As a suggestion in response to my previous post, I was told to try making a list of traits I do want and admire instead of the ones I can’t stand (perhaps I did come off rather negative). But the thing is, I can’t.
I don’t believe in those kinds of checklists because I don’t know exactly what I want, and more importantly, what I need. No one does because there are so many people out there and so many nuances to every person, making it impossible to try out every type. Any traits I could come up with would be stereotypical, stock, and bland (i.e. honest, loyal, kind, attractive, smart, etc.). We shouldn’t be looking for perfect people to fit into set criteria. We should be looking for people who are compatible with us individually. None of us can be certain of what kind of person that is. Every individual and every relationship is unpredictable.
I had a checklist once. I was looking for a musical-writer kind of guy. An introvert, sensitive, openly passionate person– someone cheesy who would read me poetry, and whom I could sing love duets with. I wanted the kind of romantic artist I had admired in books and movies. And I have met some guys who fit this description quite well.

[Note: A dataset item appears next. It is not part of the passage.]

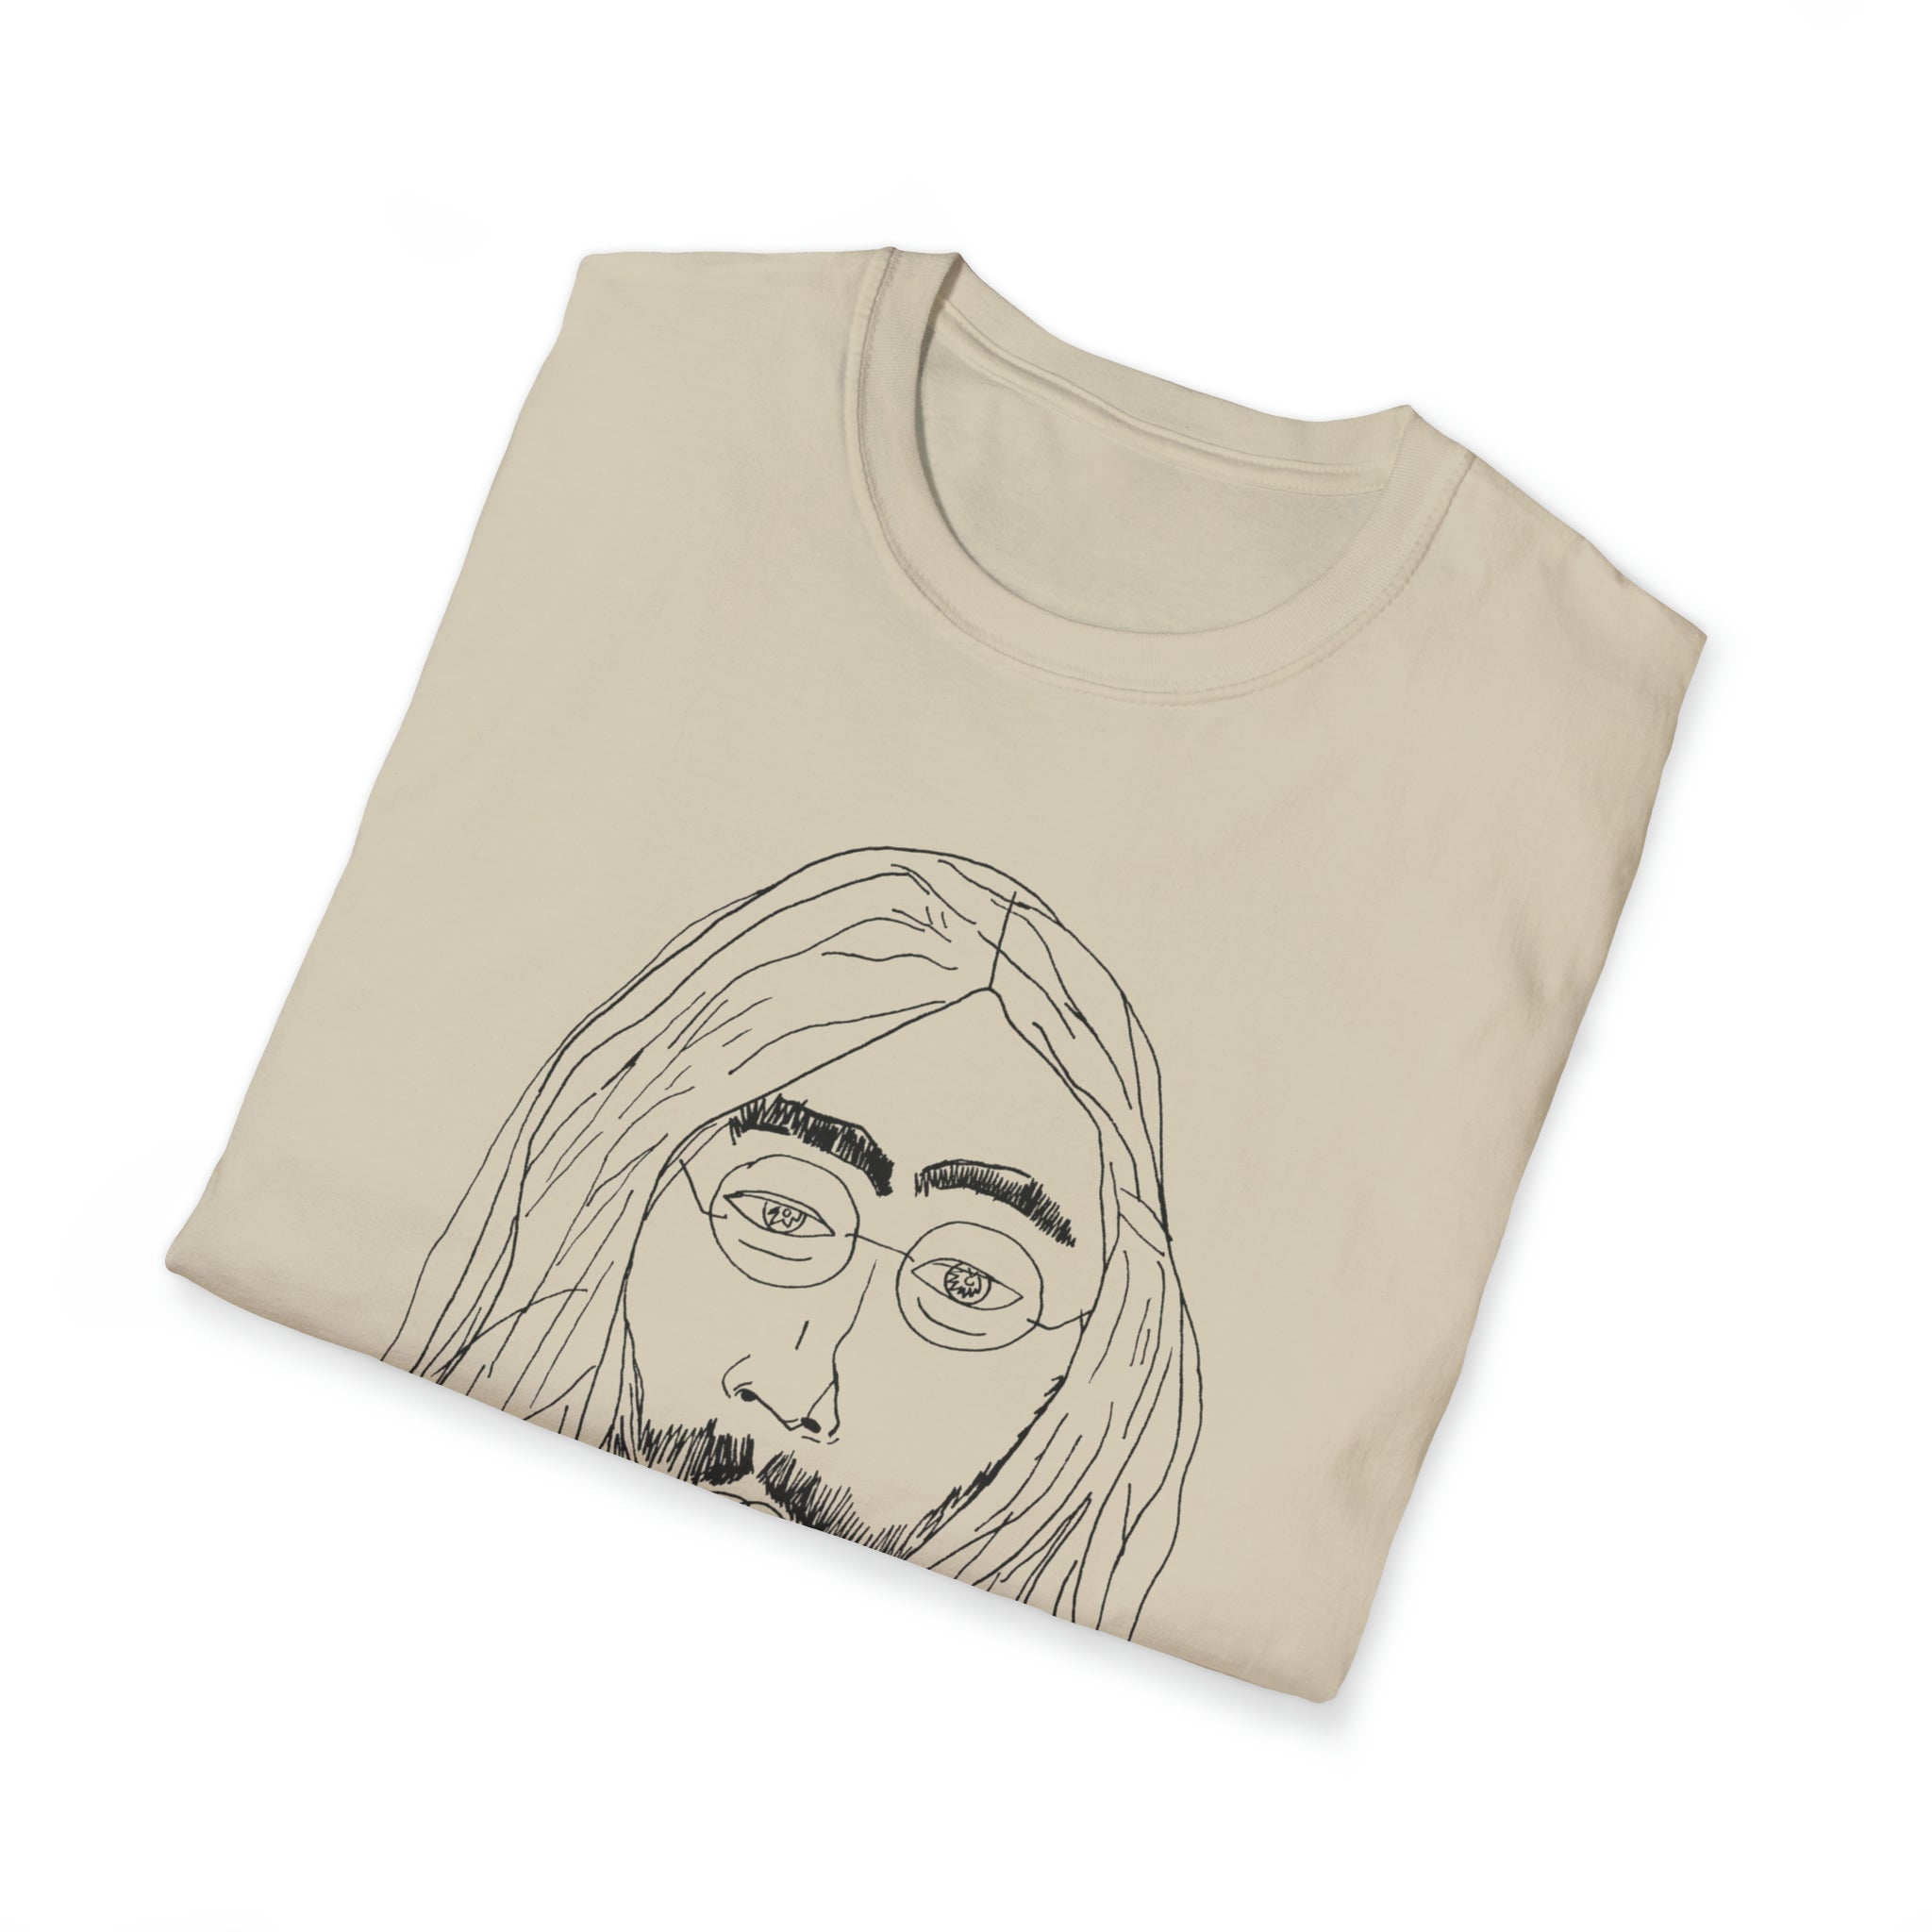 L is for Lennon Unisex Softstyle T-Shirt

Despite that, the person I ended up falling for is a realist and a thinker. He is much more extroverted than I am, has little musical talent, and even less interest in reading or writing fiction. He has a lot of interest in sports, politics, and history, which are not exactly my first topics of choice. And yet, we work. We complement each other perfectly. Of course, that is due to a a few other crucial factors, but it just goes to show that no one knows what they really want and need. Compatibility is so much more than common interests and a nice personality. And while we can try to define basic factors contributing to successful relationships in general terms, it is impossible to get any more personal.
My list of personal deal-breakers are my most basic standards. They are the traits I know cross the line for me. But beyond that, there is no limit. There are no rules to love. There is no telling what direction people can take us, so options should always be open.